Although that _still_ might be misleading[1], so turning all those into the
somewhat longer, but more explicit:

 std::vector< basebmp::Color > aDevPal;
 aDevPal.reserve(2);
 aDevPal.push_back(...);
 ...

      So I suppose the check would be for a size reservation on a vector
followed by push_back - rather than some array indexing - does that make
sense ? or did I go crazy ;-)

Yes, in general you want neither of the above forms.

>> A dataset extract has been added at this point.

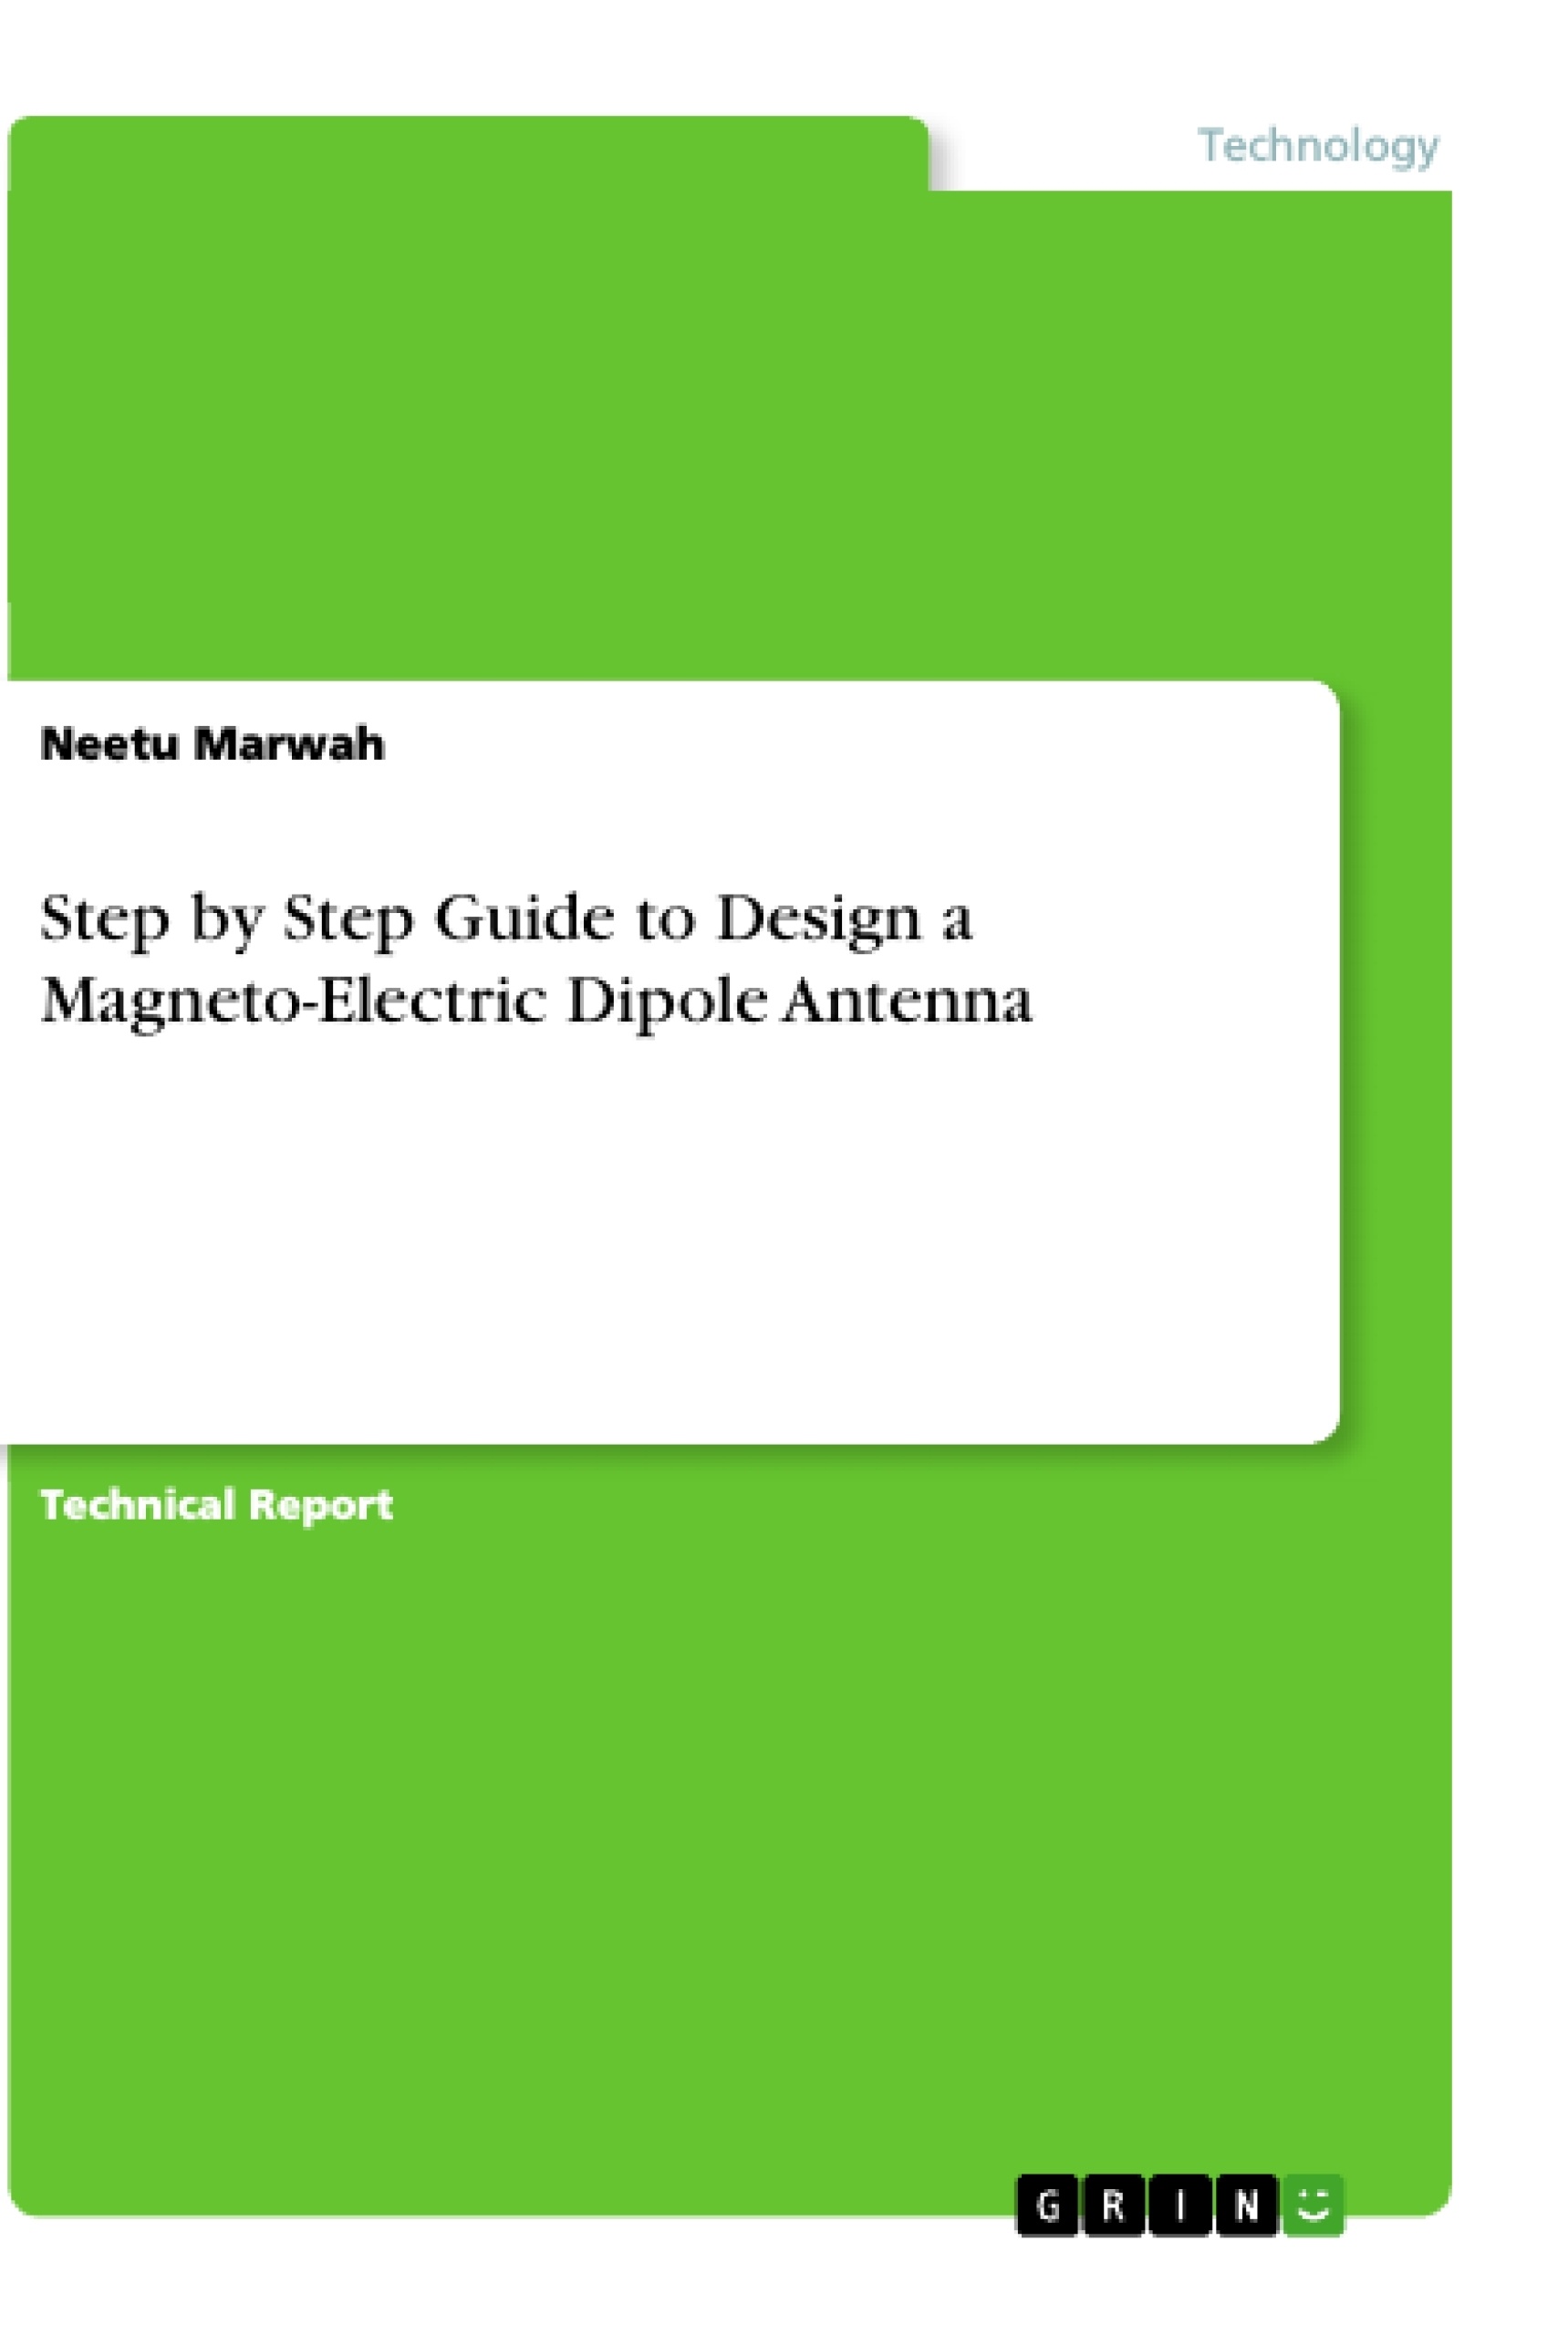 Titel: Step by Step Guide to Design a Magneto-Electric Dipole Antenna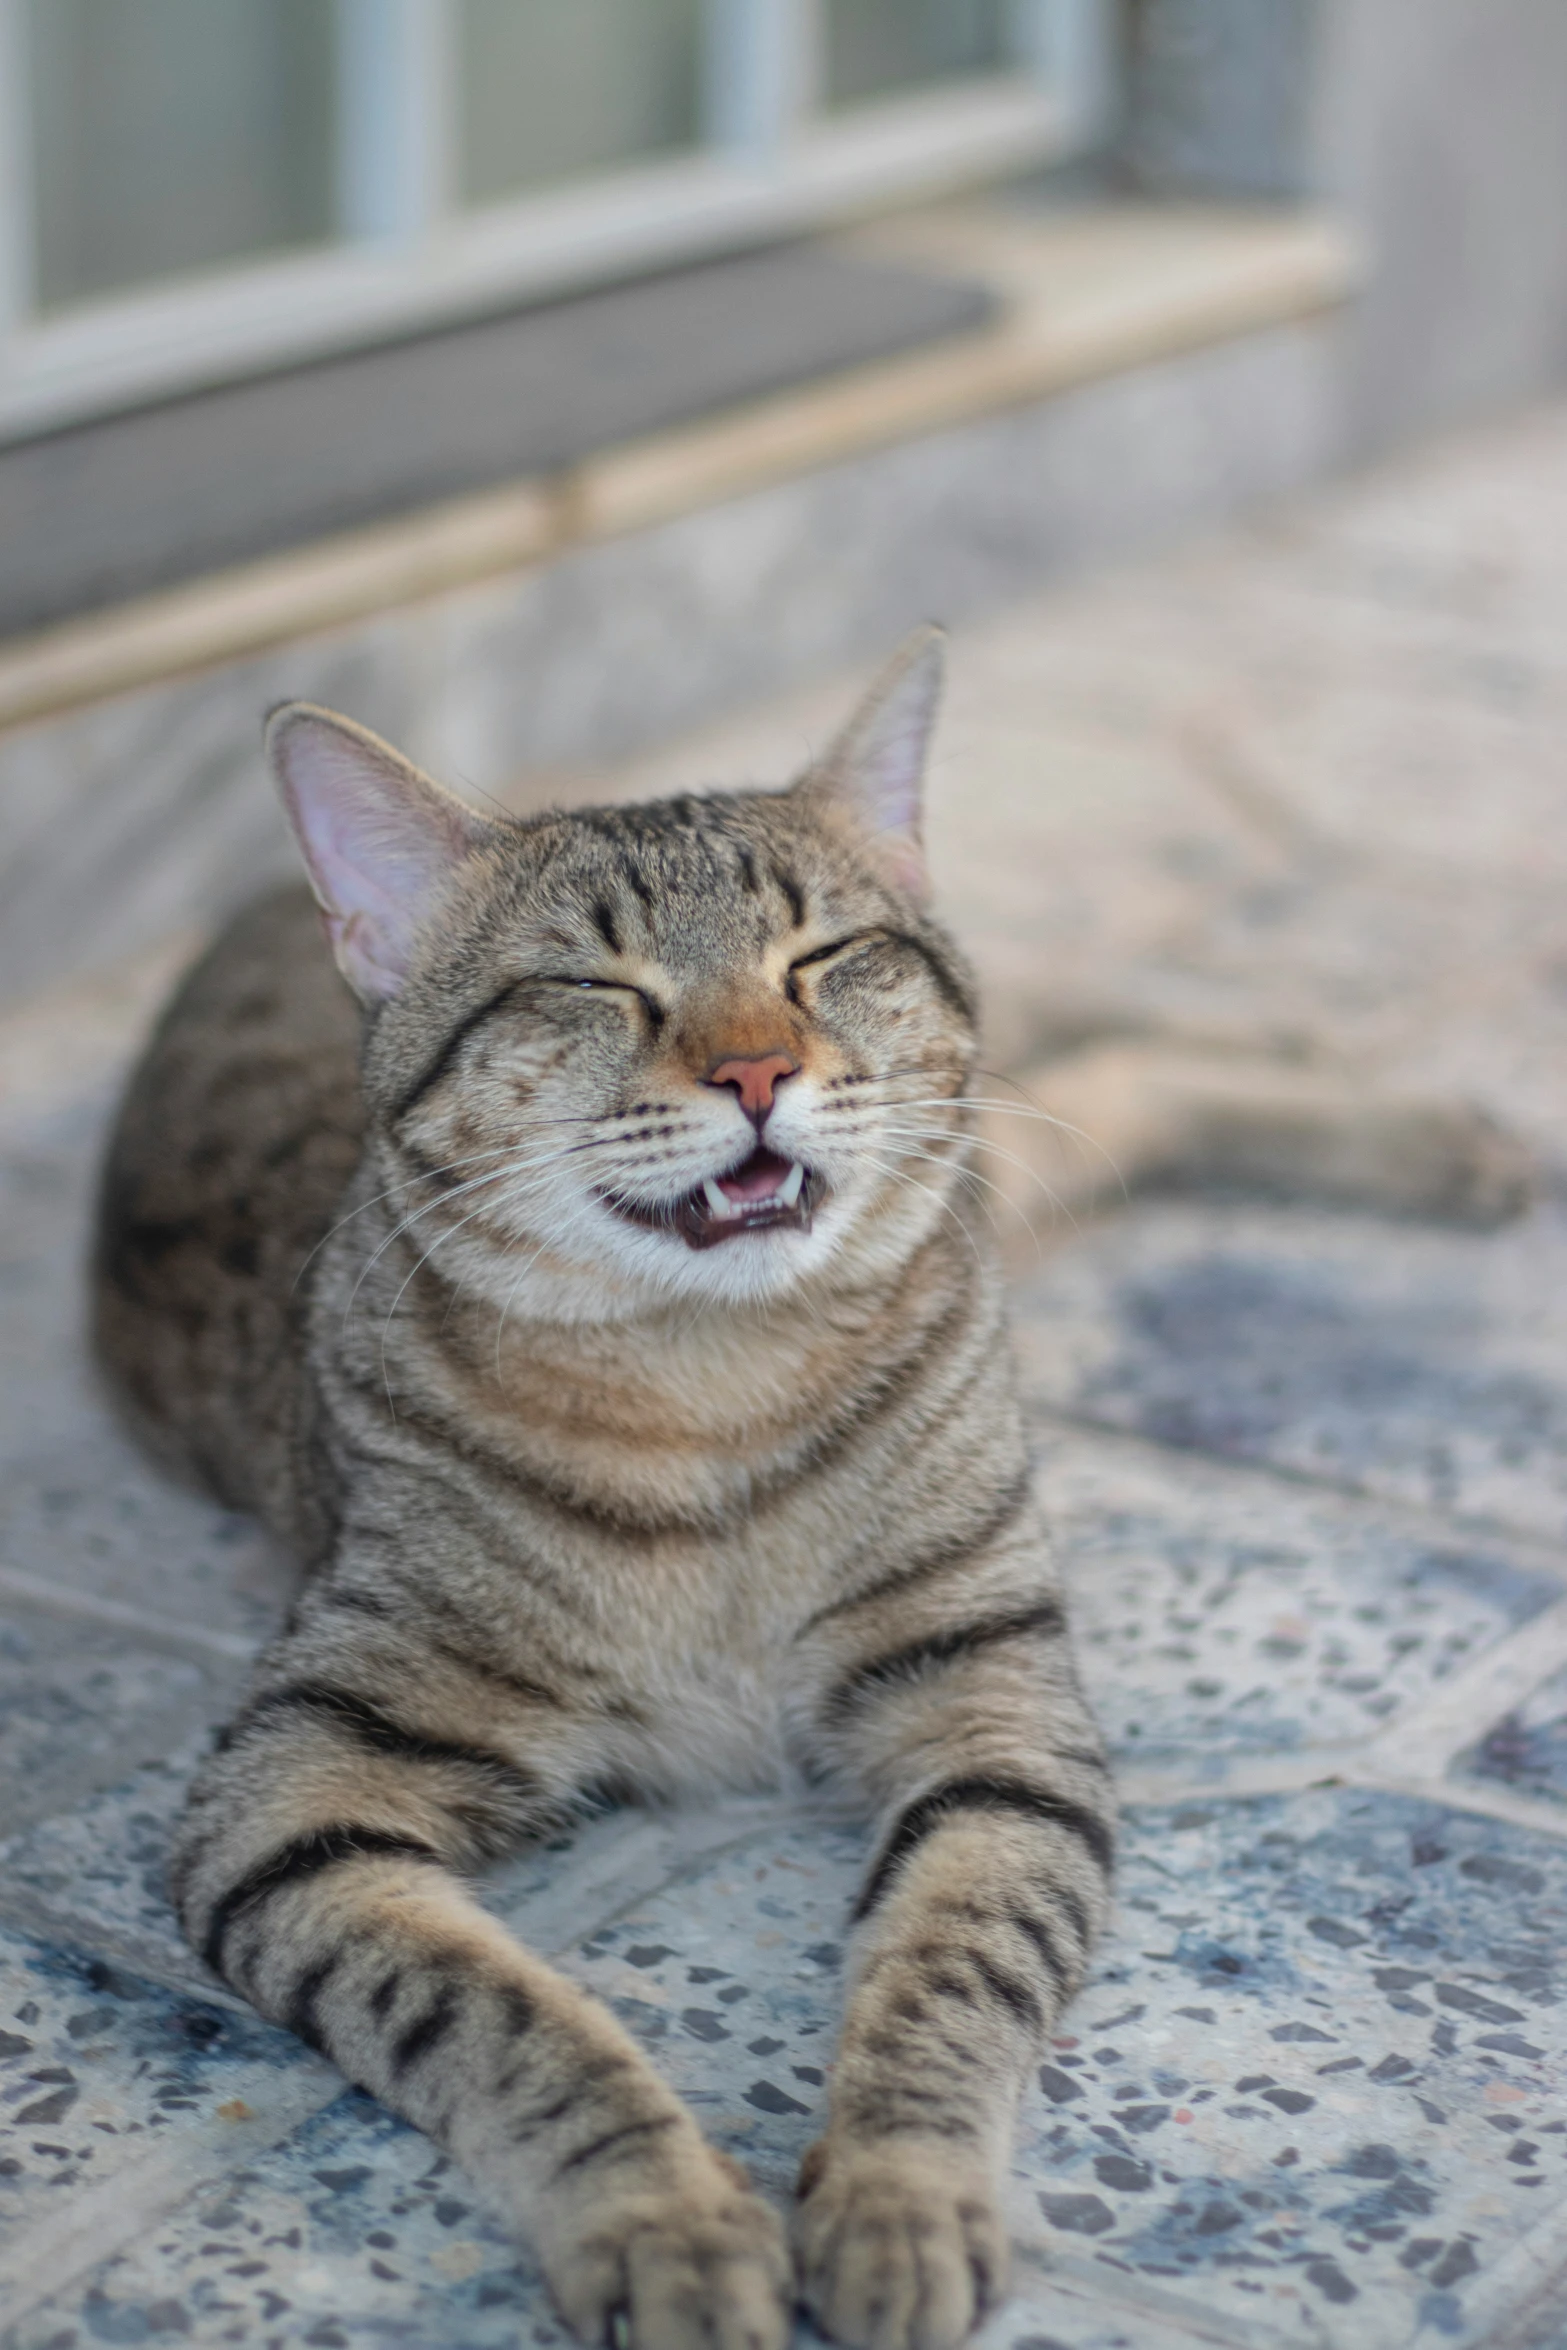 cat smiling and sitting on the tile floor

Preferably instead of
e.g.:

 std::vector< basebmp::Color > aDevPal(2);
 aDevPal[0] = basebmp::Color( 0, 0, 0 );
 aDevPal[1] = basebmp::Color( 0xff, 0xff, 0xff );

you would -- if possible -- simply:

 std::vector< basebmp::Color > aDevPal{
    basebmp::Color( 0, 0, 0 ),
    basebmp::Color( 0xff, 0xff, 0xff ) };

and only for complex cases, where you do not have the elements statically
available, something like:

 std::vector< foo > vFoos;
 vFoos.reserve(vInput.size());
 std::transform(std::back_inserter(vFoos),
     vInput.begin(),
     vInput.end(),
     [] (decltype(vInput)::value_type aInputValue) { return do_something(aInputValue); });

see also:
https://skyfromme.wordpress.com/2015/03/02/50-ways-to-fill-your-vector/
https://skyfromme.wordpress.com/2015/03/12/following-the-white-rabbit/
(tl;dr: Use initializer lists to fill vectors when possible).

Best,

Bjoern

[1] Well, except that:
     std::vector<int>(3, 0)
    is doing something different from:
     std::vector<int>{3, 0}
    just to make things more interesting. But hey, that's C++ for you.
    But that wart exists for the 1-arg ctor too -- yet another reason to kill that.